## WORK ORDER
The reply should be an exact repeat of the listing, with no pictures in it.

## SUPPLIED MATERIAL
# # # #

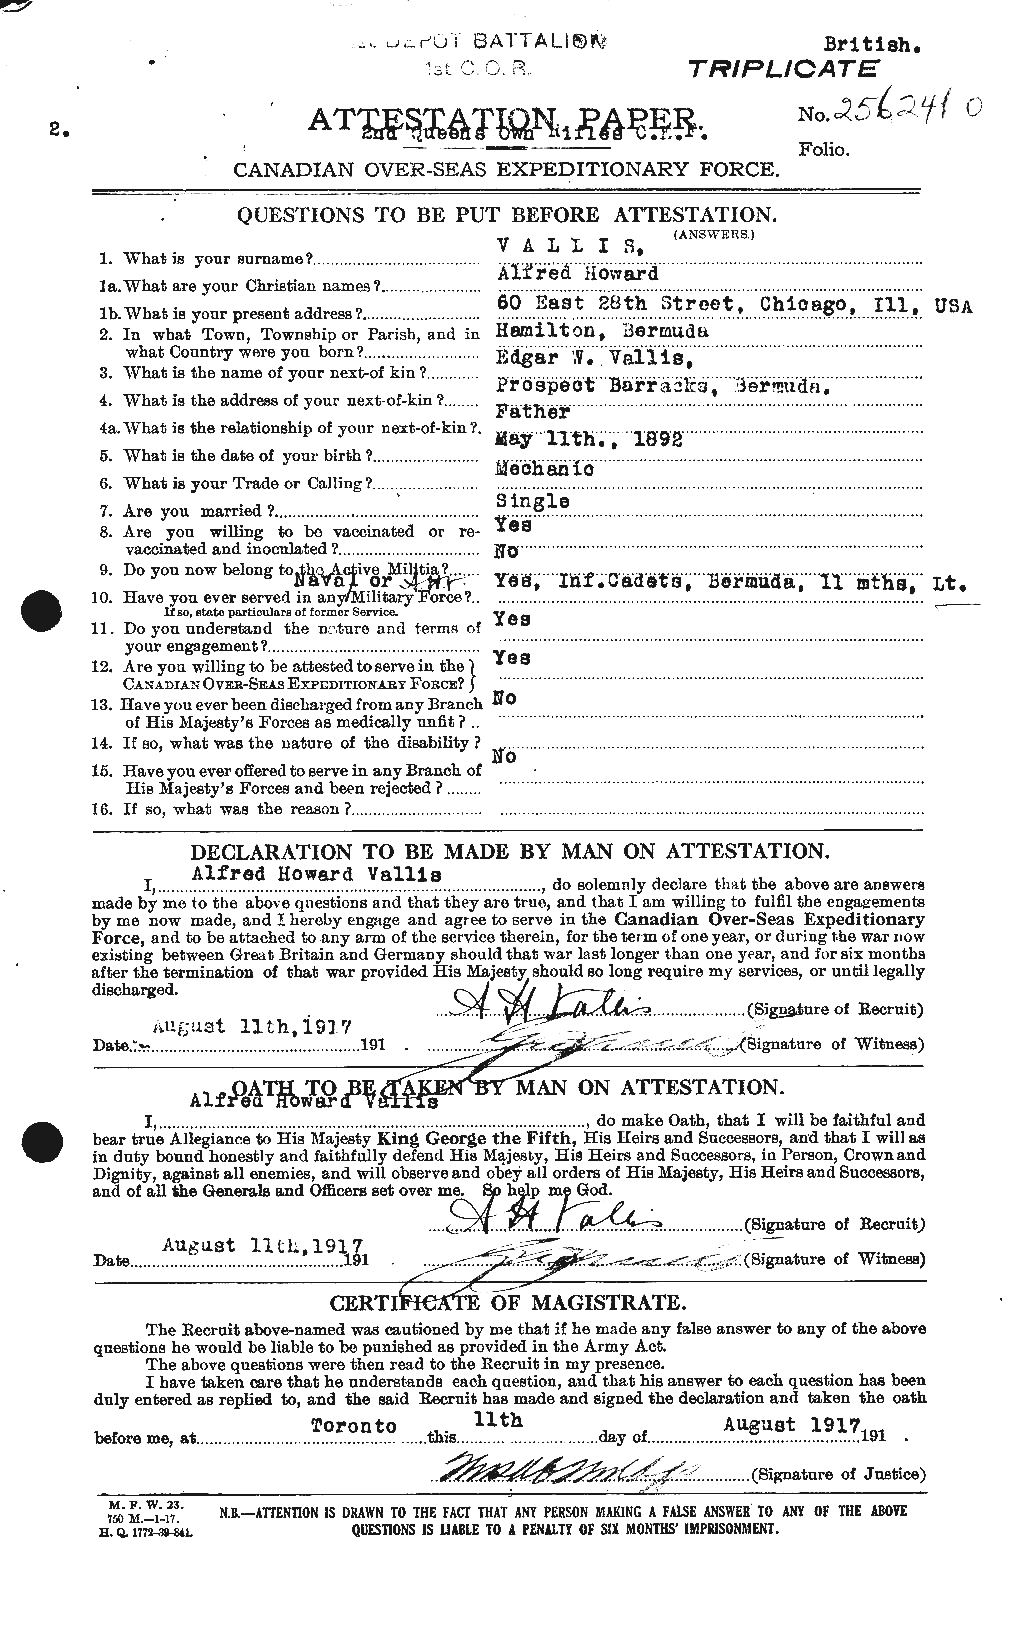 Dossiers du Personnel de la Première Guerre mondiale - CEC 646509a
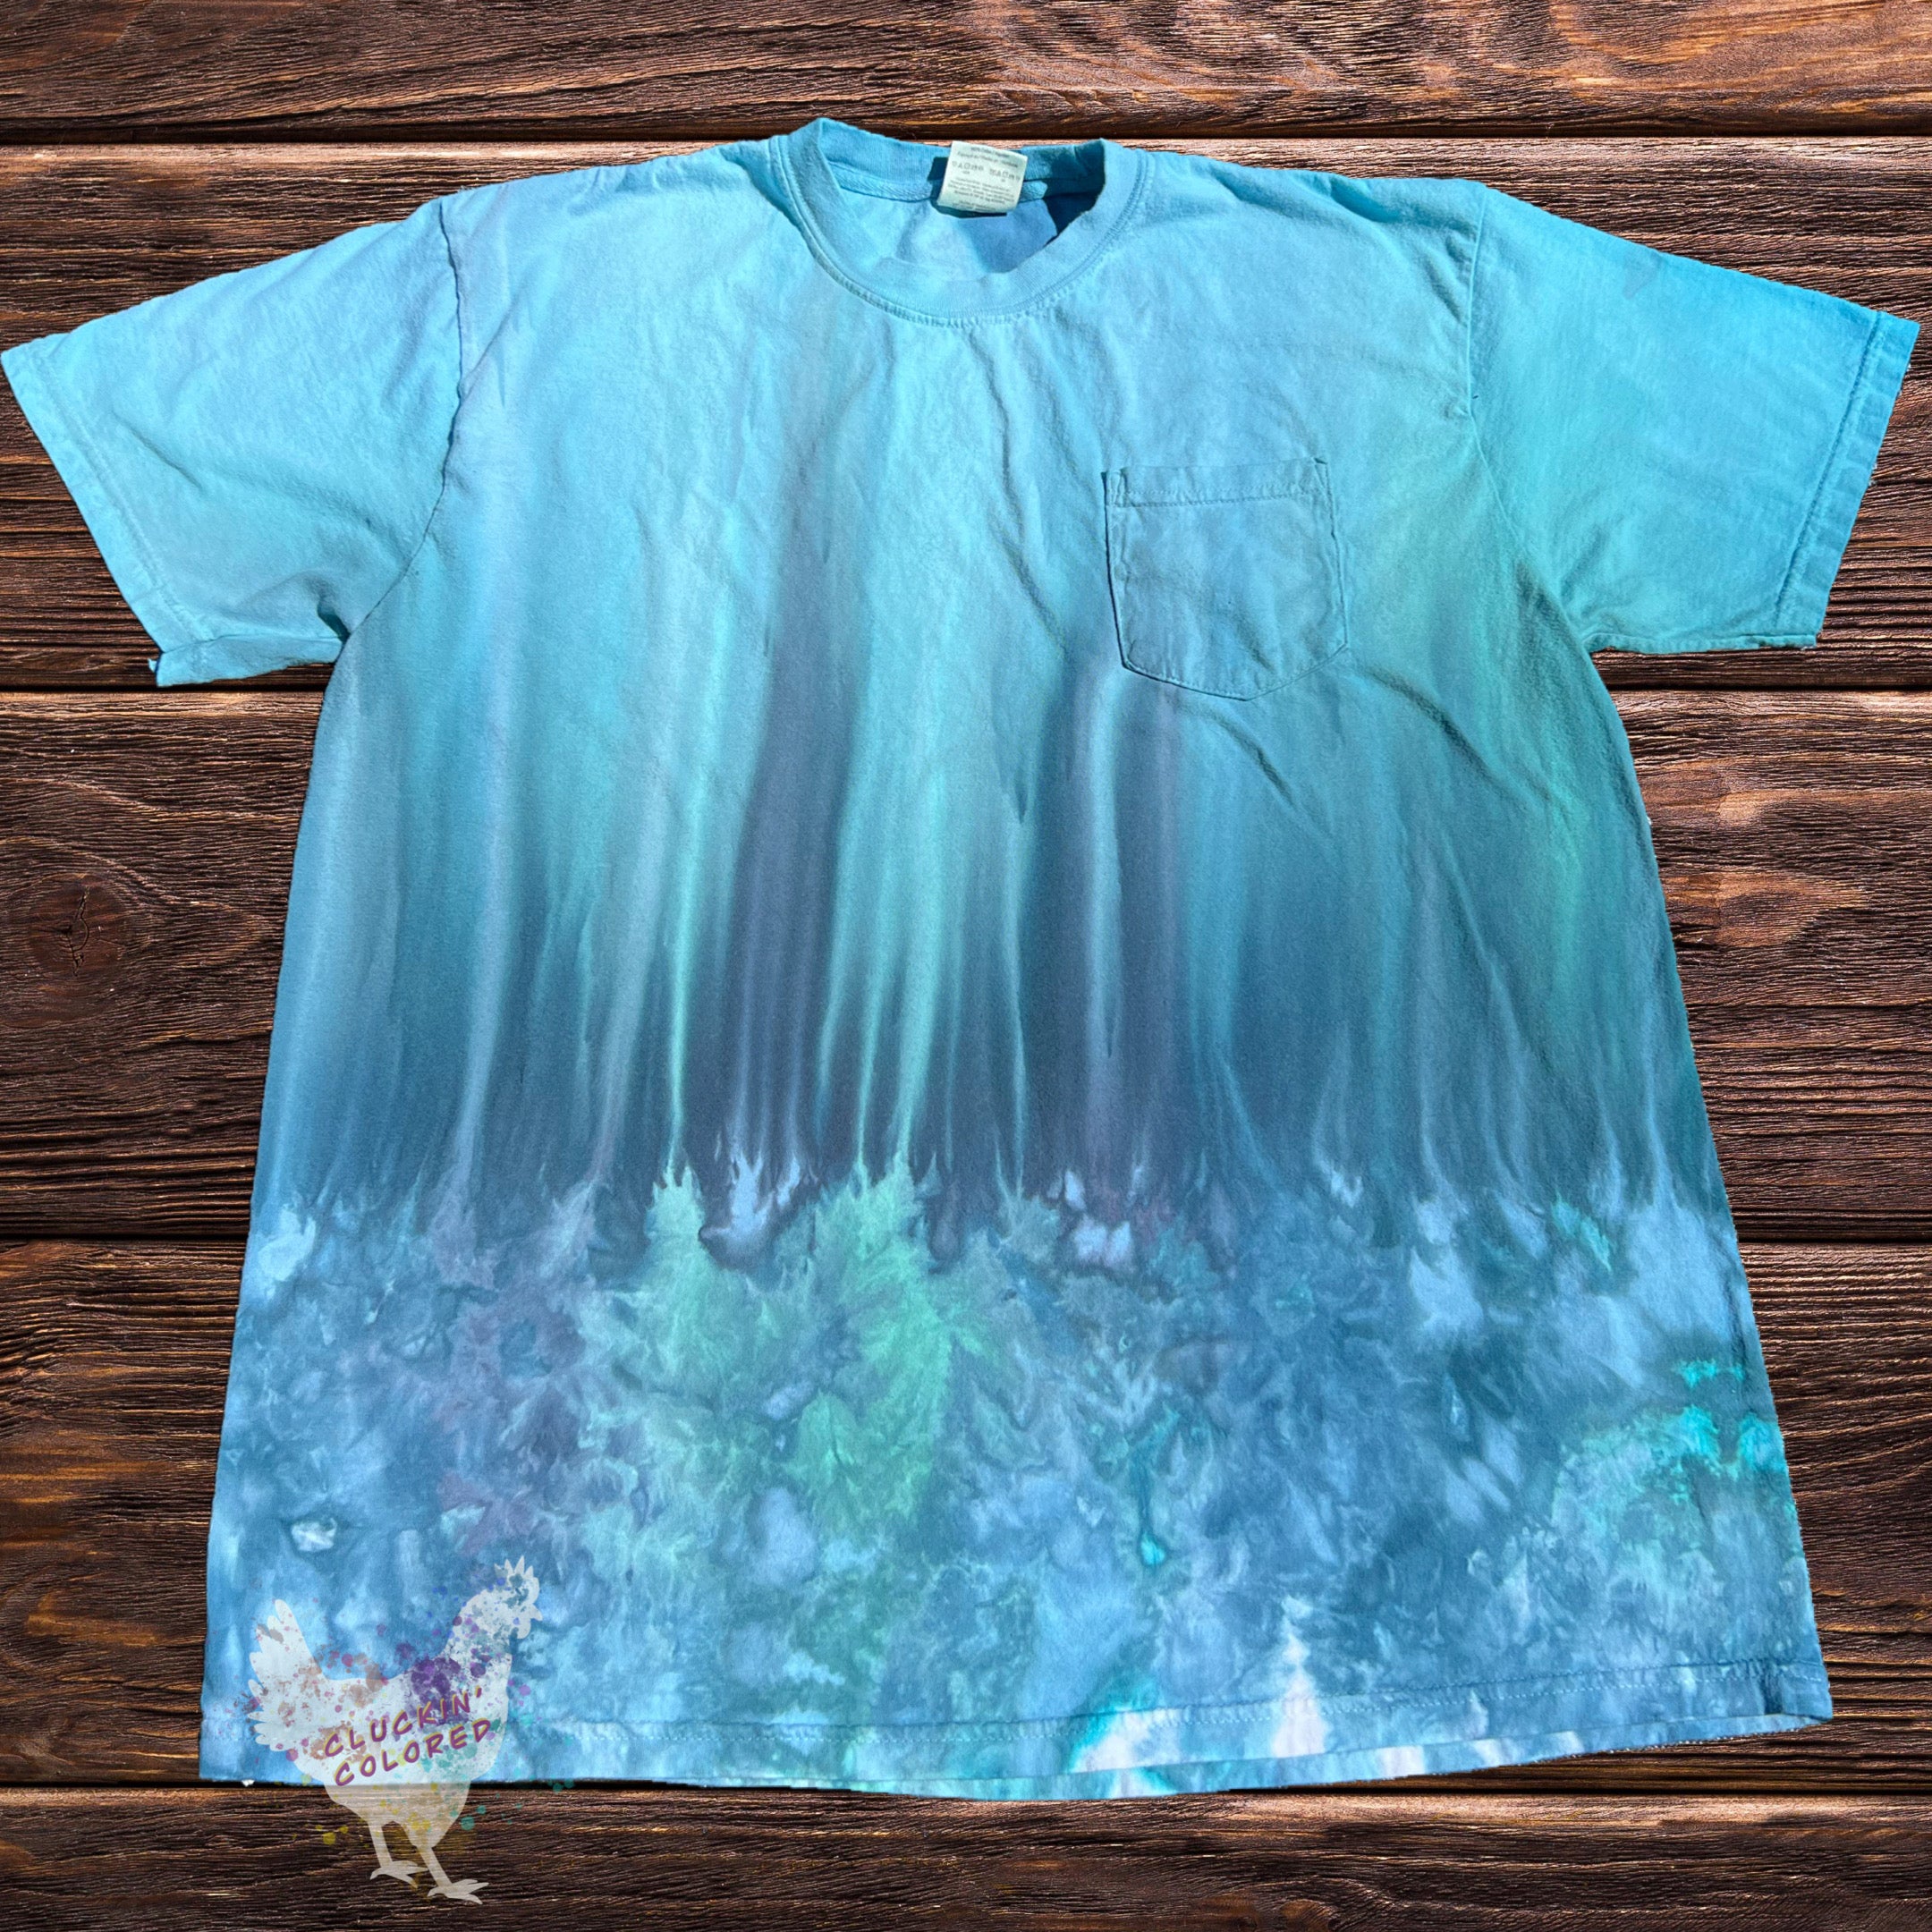 Unisex XL T-Shirt - Waterfall Gravity Scrunch
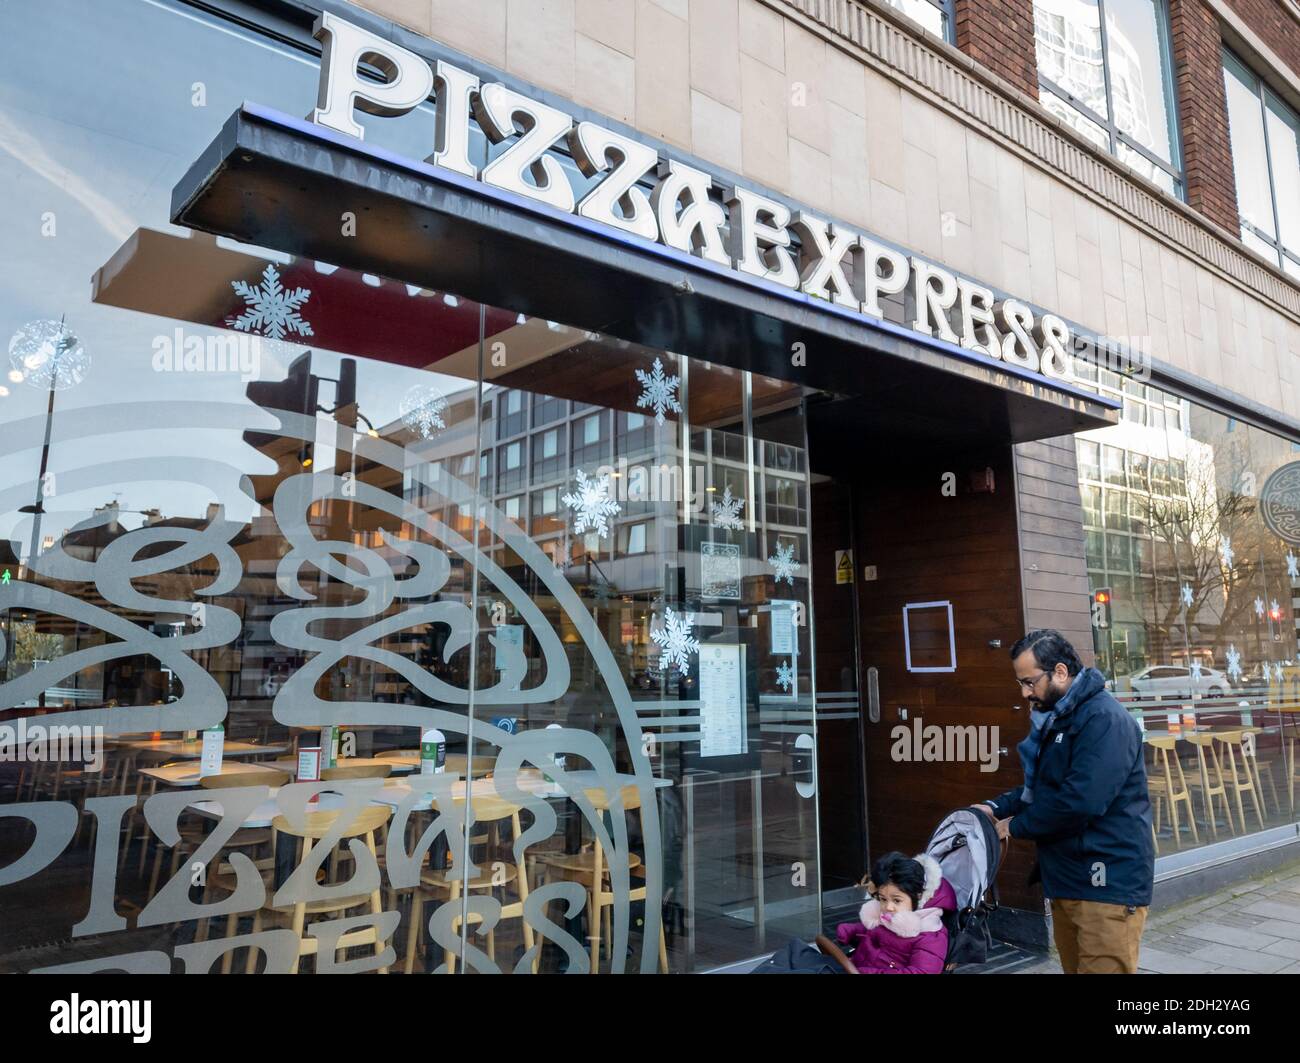 La facciata, i segni e il logo di una filiale di Pizza Express. Una catena multinazionale di fast food. Foto Stock
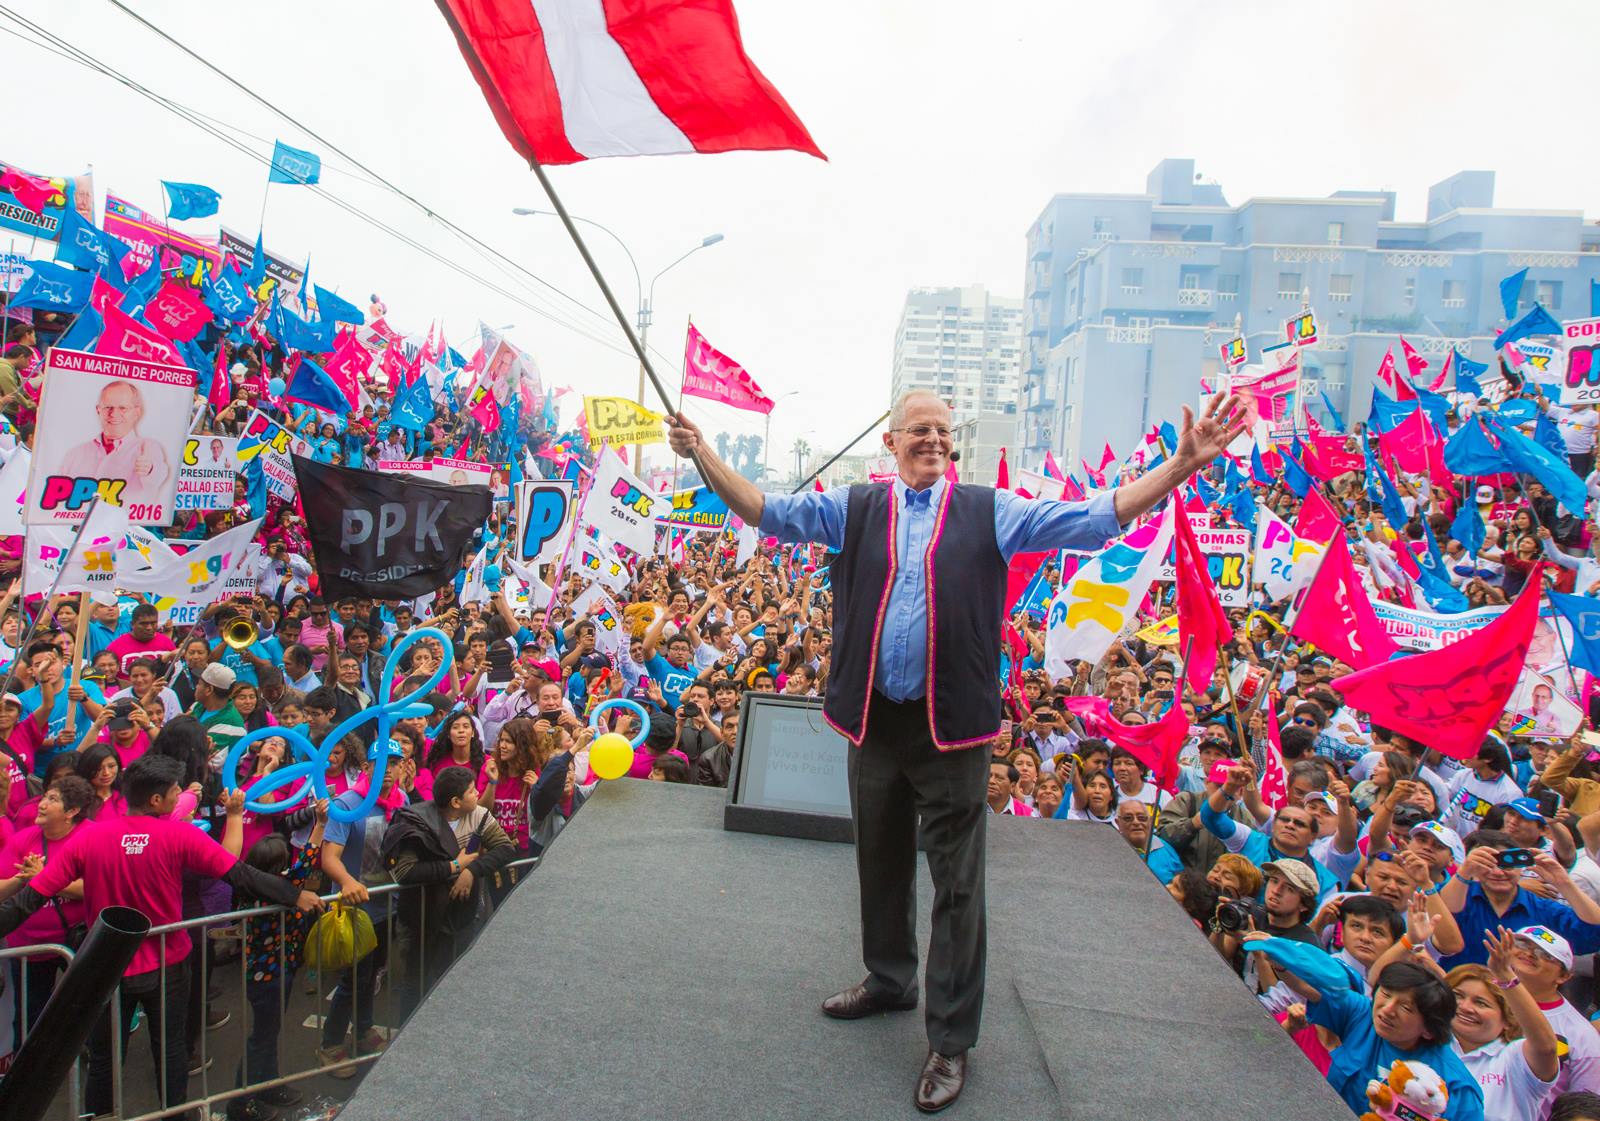 Pedro Pablo kuczynski sería el nuevo presidente del Perú y debe asumir retos. Foto: Mitin PPK cuenta facebook

# # # #

## RESPONSE TO THE TASK
 Dossiers du Personnel de la Première Guerre mondiale - CEC 646509a
 Unisex XL T-Shirt - Waterfall Gravity Scrunch
 La facciata, i segni e il logo di una filiale di Pizza Express. Una catena multinazionale di fast food. Foto Stock
 Pedro Pablo kuczynski sería el nuevo presidente del Perú y debe asumir retos. Foto: Mitin PPK cuenta facebook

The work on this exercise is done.